Wednesday, April 1, 2009


St. Paul's Cathedral

During the renaissance, Europeans looked back to the classical Greek and Roman styles as the source for their buildings. After the baroque period, “Architects were turning increasingly to specific source models, in a wide variety of historical styles, resulting in revivals of Greek and Roman Classicalism.” (Roth 461) But that was only the beginning, and the cycle continued on to a gothic revival, which most of London was decorating in after the Great Fire of 1866. The Industrial Revolution had begun, and the new technology bred from this put cast iron and glass on the market, so most homes, not just churches, could incorporate the new gothicism.

The West had been borrowing Eastern designs for the past couple centuries through trade, especially with China. The Industrial Revolution allowed for faster transportation, therefore faster and more productive trade. However, China did not need anything the West had to offer, and usually traded goods for silver. The invention of the steamboat allowed the English to crush China in the Opium Wars, and began to barter more successfully with opium. In 1858 the Japanese had finally opened its trading gates to the west, illuminating Europeans on a new culture. They were especially impressed with the ukiyo-e woodblock prints, turning the artist's world upside down. Japonisme fascination continued, and is counted “among the inspirations of the first great design style of the twentieth century, Art Nouveau.” (Massey 29)

The age of imperialism was also the age of growth.

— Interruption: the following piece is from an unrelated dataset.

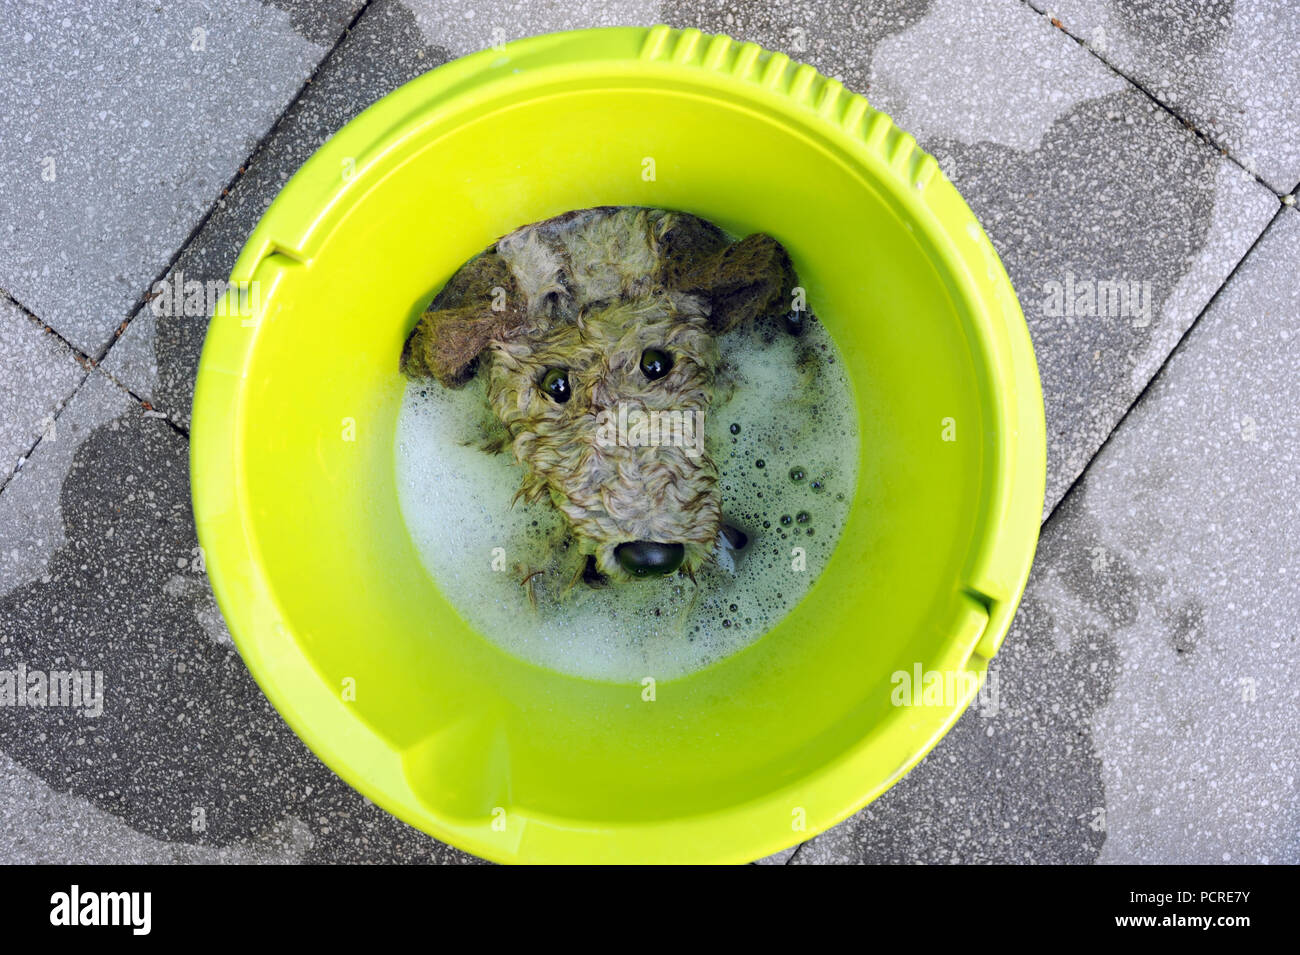 SOFT TOY DOG BEING WASHED IN BUCKET RE CHILDRENS TOYS WASHING CLEAN GERMS CLEANING HEALTH IMMUNITY IMMUNE UK Stock Photo

Cities centered around coal mining and steel factories sprung up, and established cities thrived and more than doubled in size in a few decades. During this period "there were two conflicting strains of development: one of traditionalism, the other based on the felt need for reform and innovation" (Blakemore 393)
Some greeted this new Industrial Revolution and tried to push this new technology to its highest potential to mass produce synthetic products on the cheap. The more traditional side pleaded that these machines were impacting both people and architecture negatively, and started the arts and crafts movement. We often think of a "movement" as going forward, but this particular one called for us to rewind, that their was such a thing as going too far. But history teaches us movements always go in cycles, the most radical often followed by a very conservative. The world has its own way of making sure such reforms balance out.

Georgian Home

In America, wood was aplenty so the arts and crafts movement was much more applicable. Houses were often made out of all wood, and sparsely decorated in hall and parlor type houses. This was not necessarily all because of a disapproval of new factory-produced furniture, but because it was efficient. Before America had its freedom Britain would take wood for the colonies, ship it back overseas to England to finish it, and then ship it back to the Americas to sell, upping the cost significantly due to the cost of travel. However in the home country of the Industrial Revolution and the king of Imperialism, their was a rotation back to Gothic revival because “Gothic was an expression of a just and Christian society in contrast to nineteenth-century industrial society with its social ills” (Massey 9)

Royal Pavilion

In the Victorian era family and social strata was to the utmost importance. Your home was supposed to be a reflection of your family, thus termed 'portrait homes’, reflecting his beliefs that their design should not merely reflect the owner’s life-style but be his portrait.” (Massey 37) These houses were not sparsely decorated, but instead had artwork showcased off in every room. In today's world there are so many other things we look as to "reflect" ourselves because we've invented more stuff (i.e. cars, electronics, etc) Homes are more of an investment then a reflection.

We have entered the reflections unit of our theory + design class, and by looking backwards it is very apparent that throughout the major movements in history there are rotations in design. Innovative is often followed by classical, and vice versa. The Greeks and Romans are always a vital source, but as the years past the choices become more colorful and the rules become less clear, and sometimes completely passe. The Industrial Revolution and uncompromising Imperialism lead to the illumination of new technology and cultures, which both inspired designers and led them to question whether the classic rules of architecture are indeed the best ones.